WHAT YOU HAVE TO DO —
Copy out precisely the lines of the material that follows, beginning with the line containing "Europei Under 21" and ending with its last line; exclude pictures.

SOURCE DATA Start Marker

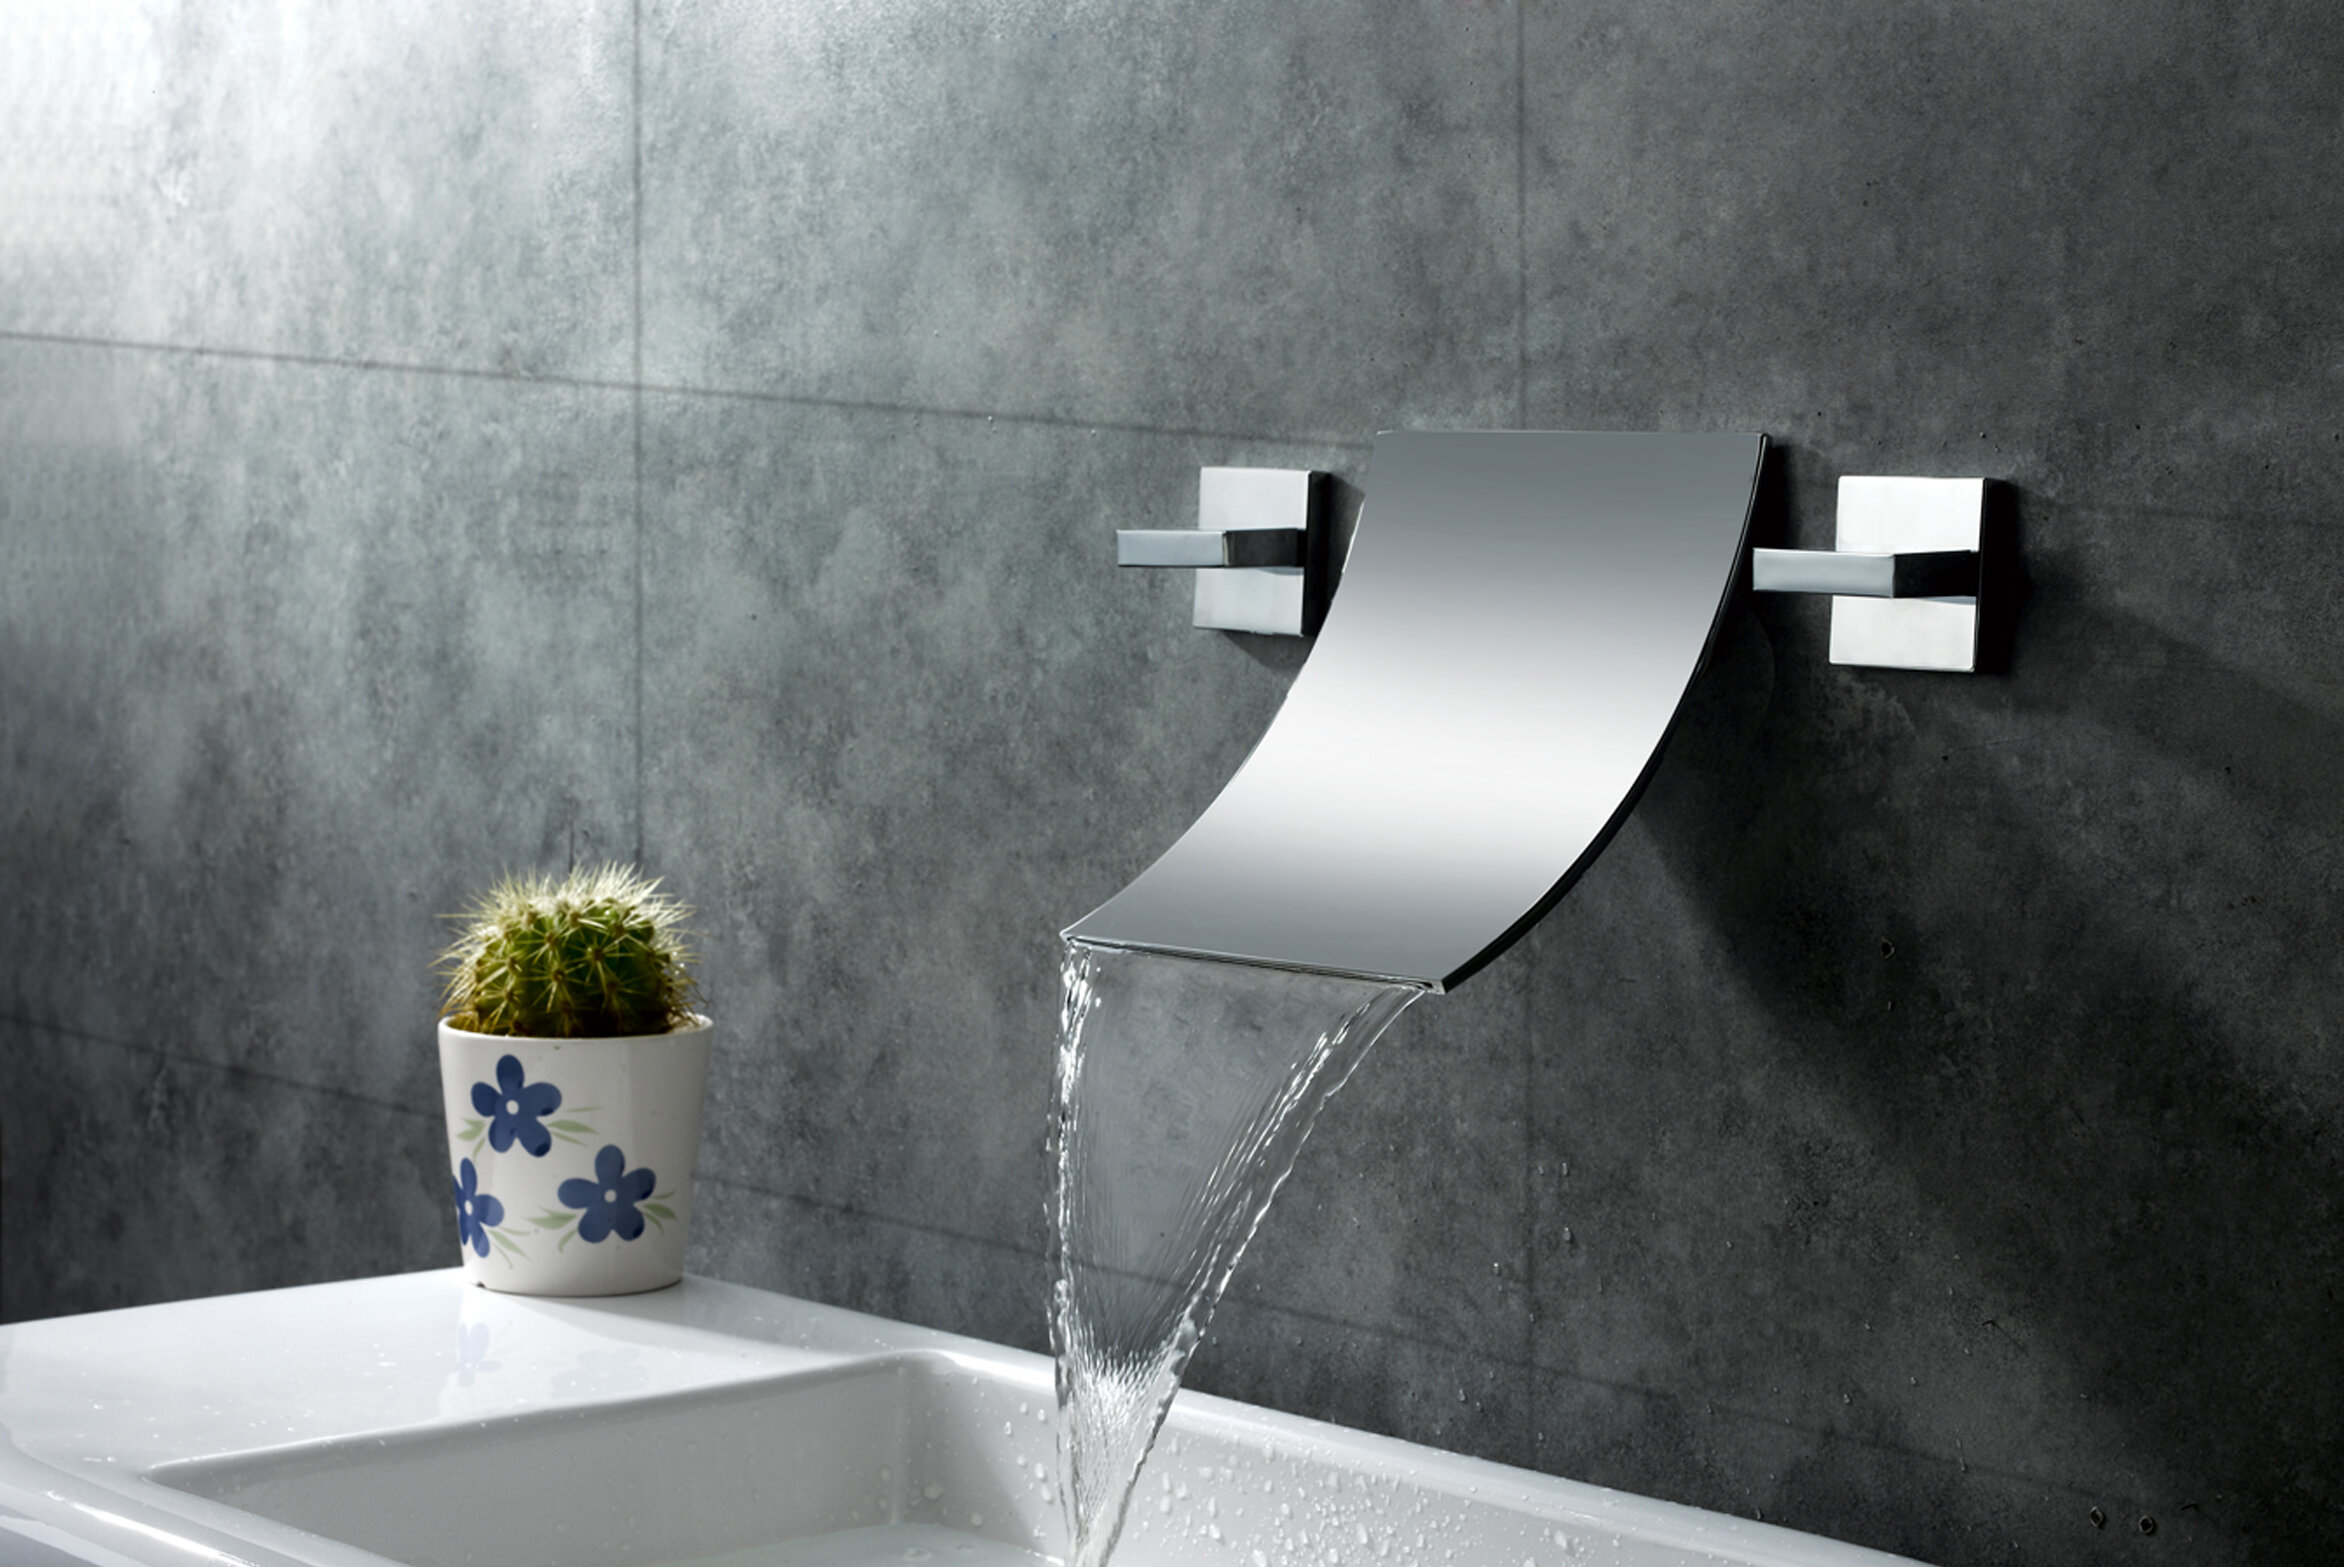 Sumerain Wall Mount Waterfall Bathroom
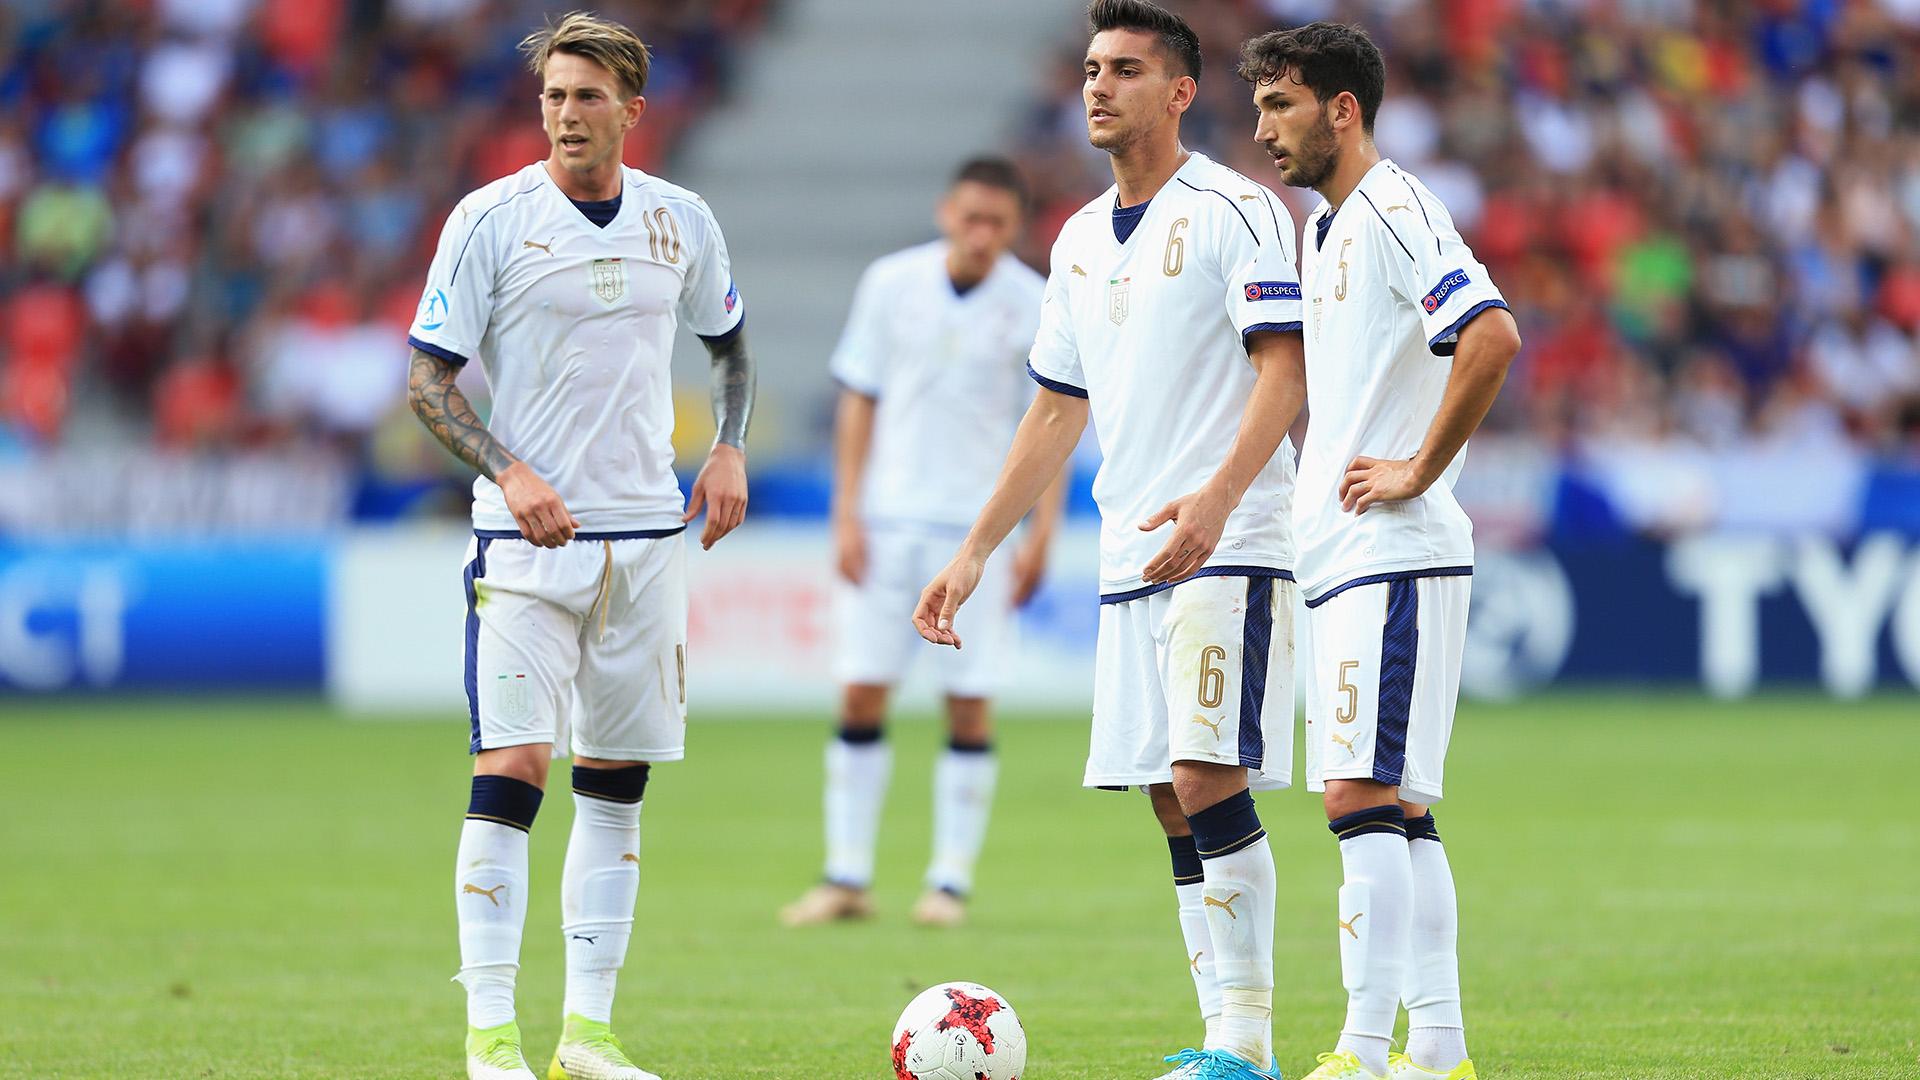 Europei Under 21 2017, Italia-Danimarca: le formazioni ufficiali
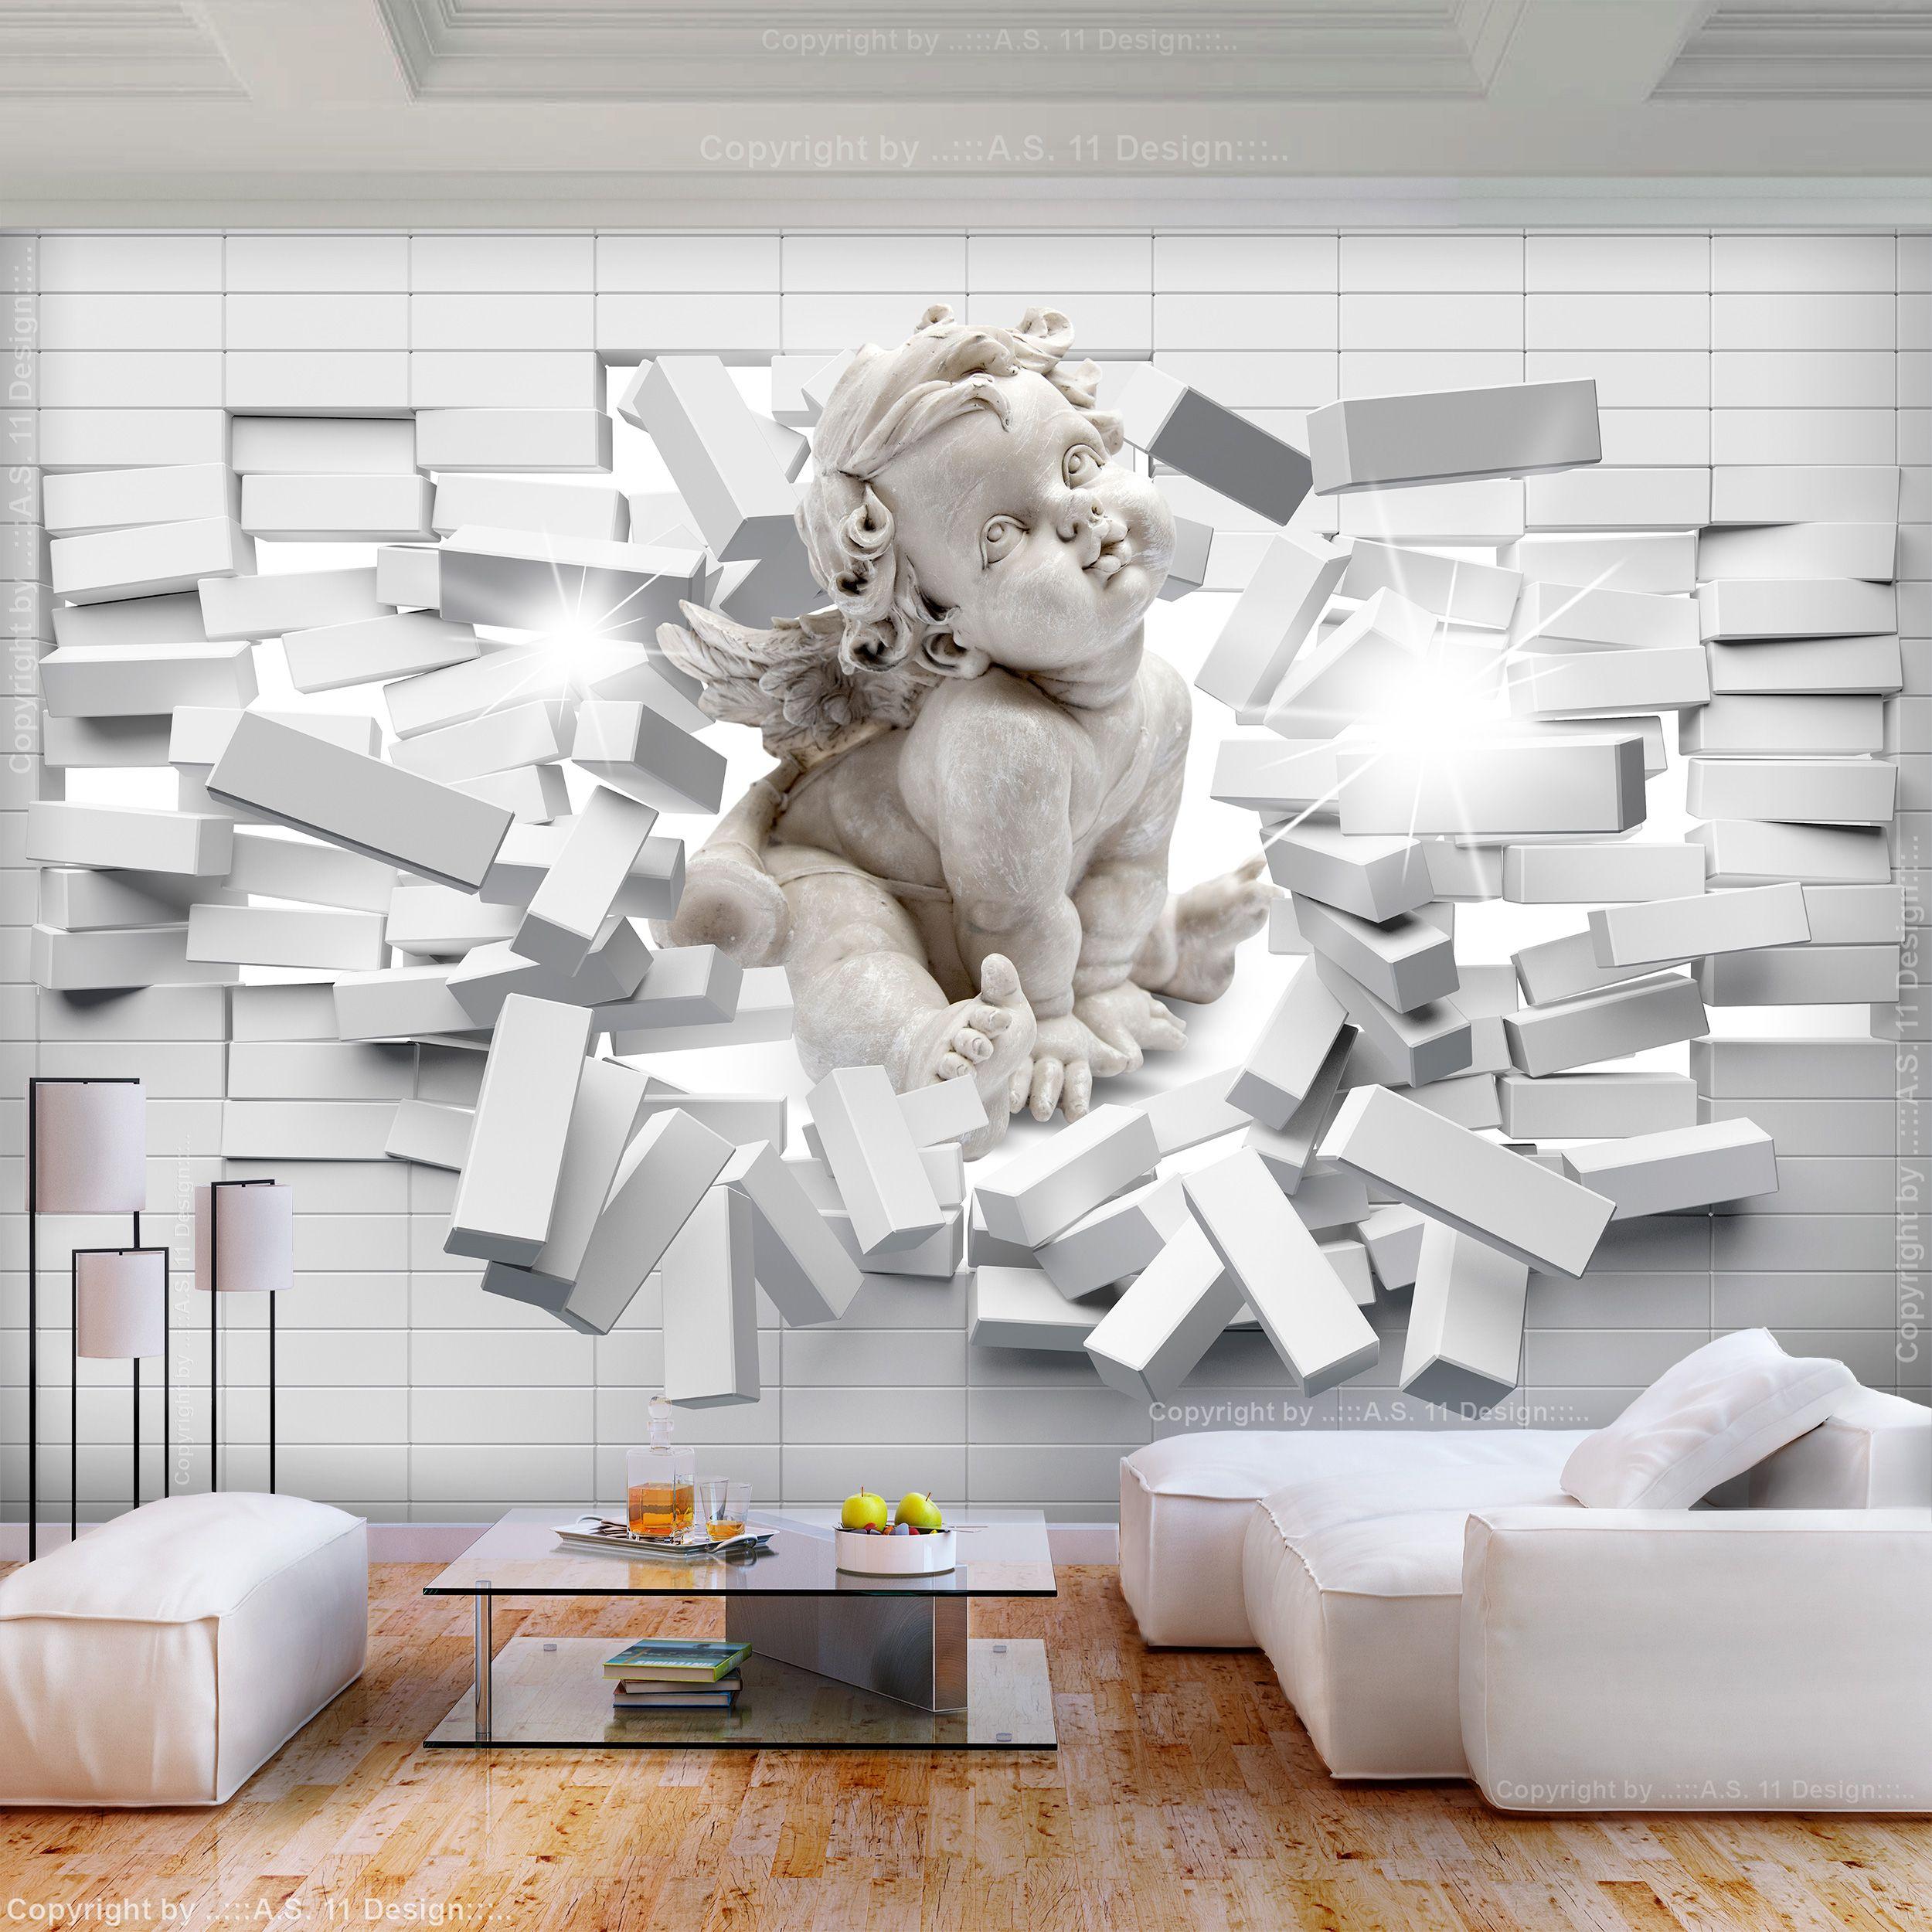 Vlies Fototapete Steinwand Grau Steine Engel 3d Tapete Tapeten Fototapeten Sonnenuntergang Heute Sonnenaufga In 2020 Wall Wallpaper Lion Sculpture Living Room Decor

SOURCE DATA End Marker

RESULT OF THIS TASK —
 Europei Under 21 2017, Italia-Danimarca: le formazioni ufficiali
 Vlies Fototapete Steinwand Grau Steine Engel 3d Tapete Tapeten Fototapeten Sonnenuntergang Heute Sonnenaufga In 2020 Wall Wallpaper Lion Sculpture Living Room Decor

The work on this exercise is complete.